P3 logistic parks acquires Panattoni’s Campus 39 park in Wroclaw
P3 Logistic Parks has acquired the Campus 39 business park in Wroclaw, southwest Poland, from the industrial developer, Panattoni. This marks the fifth acquisition P3 has completed in southern Poland in the past 12 months.
The Campus 39 project, re-named P3 Wrocław II, consists of four buildings, covering a total area of 185,000 sqm, adapted to the needs of the warehousing and light industry. In line with P3’s environmental ambitions, the park has achieved a BREEAM sustainability rating of “Excellent”.
Bartłomiej Hofman, Managing Director of P3 Logistic Parks in Poland, said: “P3’s strategy in Poland remains focused on identifying attractive development and investment opportunities to supplement our growing portfolio of high-quality assets across the country.”

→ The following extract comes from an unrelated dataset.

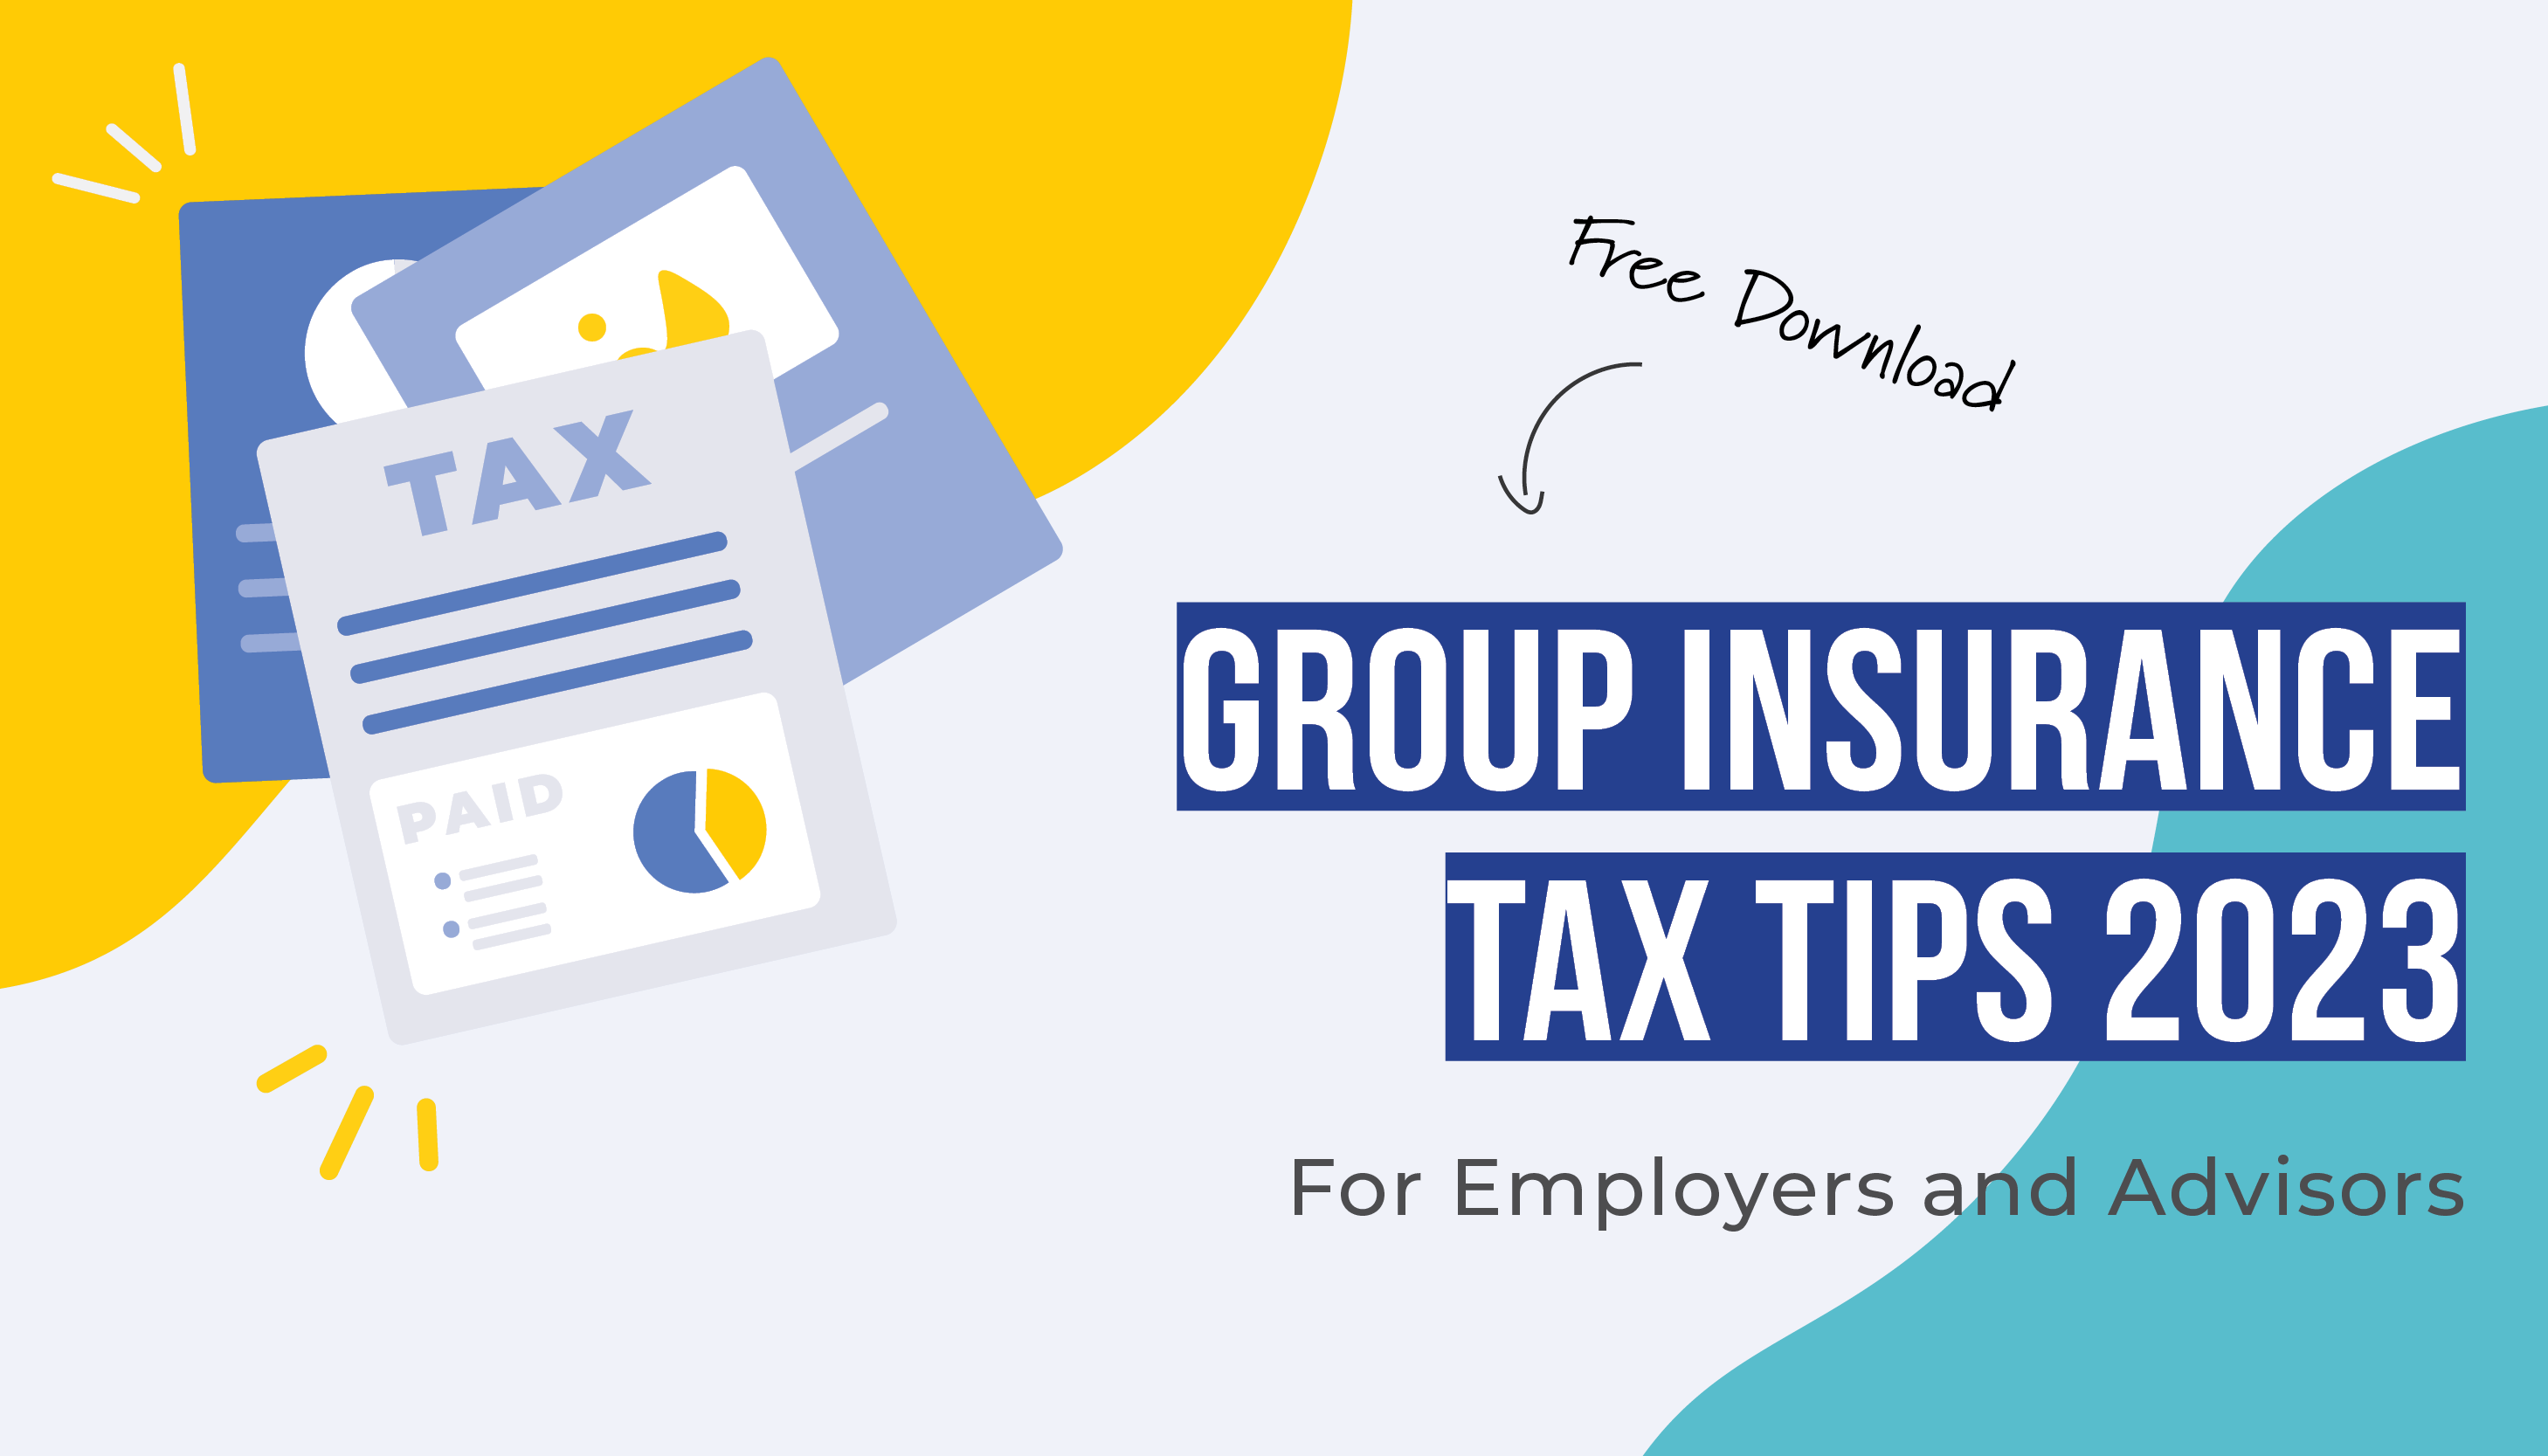 Text: Free Download - Group Insurance Tax Tips 2023 For Employers and Advisors. Image of tax forms

Robert Dobrzycki CEO & Co-Owner of Panattoni Europe, UK, and India said: “The sale of our Wroclaw logistics park to P3 demonstrates the sustained strong institutional investor appetite for industrial and logistics real estate.”
P3 Logistic Parks was advised in the transaction process by Greenberg Traurig, Gleeds, Cushman & Wakefield, and Delta-Simons, PwC Poland.

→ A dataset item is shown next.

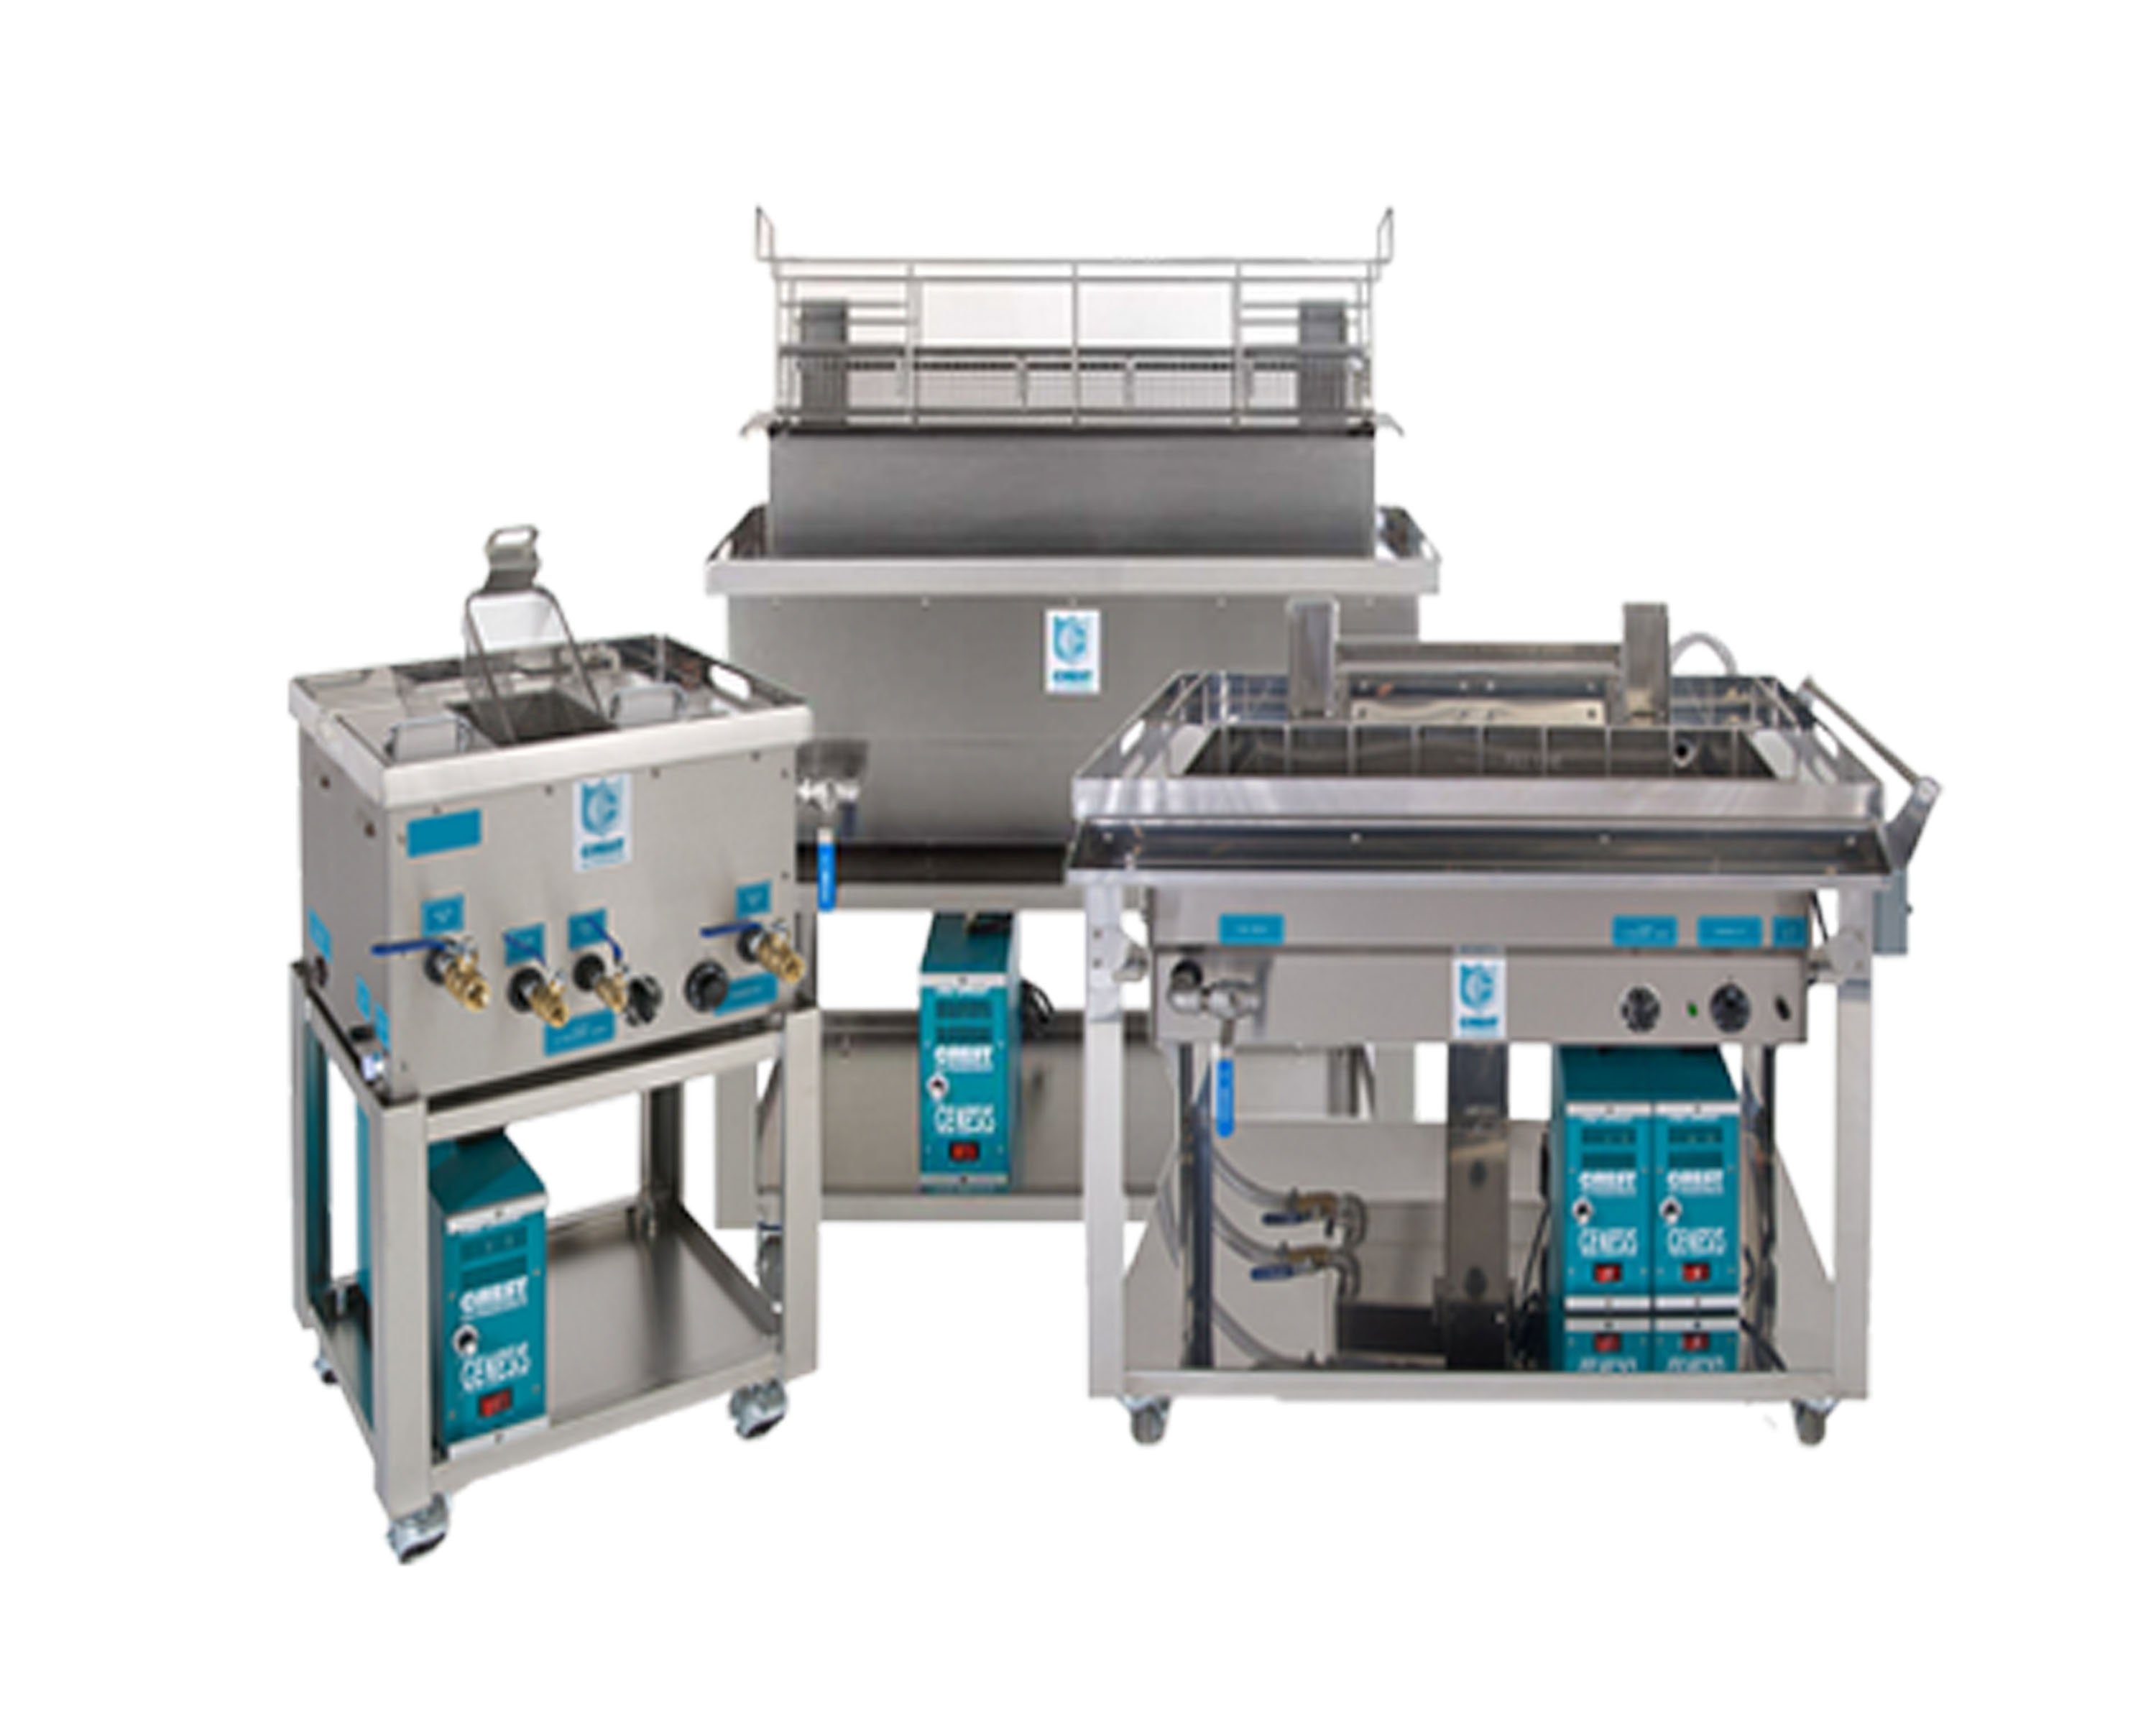 CG Ultrasonic Cleaning Systems

Enel X installs photovoltaic power station at CTPark Bucharest
CTP continues to invest in green energy by installing a 1.5 MW photovoltaic power station at the CTPark Bucharest industrial park in western Bucharest.
The plant will be developed by Enel X Romania and comprises approximately 3,700 rooftop panels that will provide an average annual production of 2,100 MWh, with priority distribution to its tenants.
“We are the first real estate developer with a rooftop PV station in Romania that is already operational,” said Ana Dumitrache, Country Head of CTP Romania.
“The photovoltaic plants mounted on the roof represent for this sector a unique opportunity to significantly reduce the impact of its own activities on the environment, being at the same time a good financial investment,” said Daniel Ortiz, General Manager of Enel X Romania.
Speedwell makes large land purchase close to Bucharest
Speedwell has purchased a land plot of 14 hectares in northern Bucharest, for a new residential development that will feature 210 villas.
All the homes in the planned project, Glenwood Estate, will include photovoltaic panels and additional facilities designed to ensure the sustainability of the complex.
“The Corbeanca area has the advantage of being in proximity of Bucharest, yet it is also a setting where people have access to nature and all its benefits,” said Jan Demeyere, Architect and Co-Founder of Speedwell.
Office developers look to increase Romania’s regional office stock
Developers announced the construction of more than 275,000 sqm of new office projects in the major regional cities – Cluj-Napoca, Timisoara, Iasi and Brasov, therefore the modern office stock could reach around 1.3 million sqm in the next 5 years, according to the Cushman & Wakefield Echinox Office Market latest Regional Cities report.
Iasi and Cluj-Napoca will benefit from the highest new supply of office spaces in the coming years. Cluj-Napoca remains the most significant regional office hub, with a stock of 340,000 sqm at the end of 2022, followed by Timisoara (293,000 sqm), Iasi (213,000 sqm) and Brasov (152,000 sqm).
The main office projects under construction, include: in Iasi – Silk District (a mixed-use project developed in several phases, which will consist of an office component of 104,000 sqm) developed by Prime Kapital, Palas Campus (60,000 sqm), developed by Iulius Group; in Brasov – AFI Europe intends to extend AFI Park and NHood announced a new building within the Coresi Business Campus.
Vlad Saftoiu, Head of Research Cushman & Wakefield Echinox, commented: “The major regional cities continue to be a point of attraction for the companies wishing to further expand their presence in Romania, with developers, therefore, aligning their investment plans based on this continuous demand.”
The main driver of the leasing activity is the IT sector, which had a share of more than 70 percent of the total take-up last year.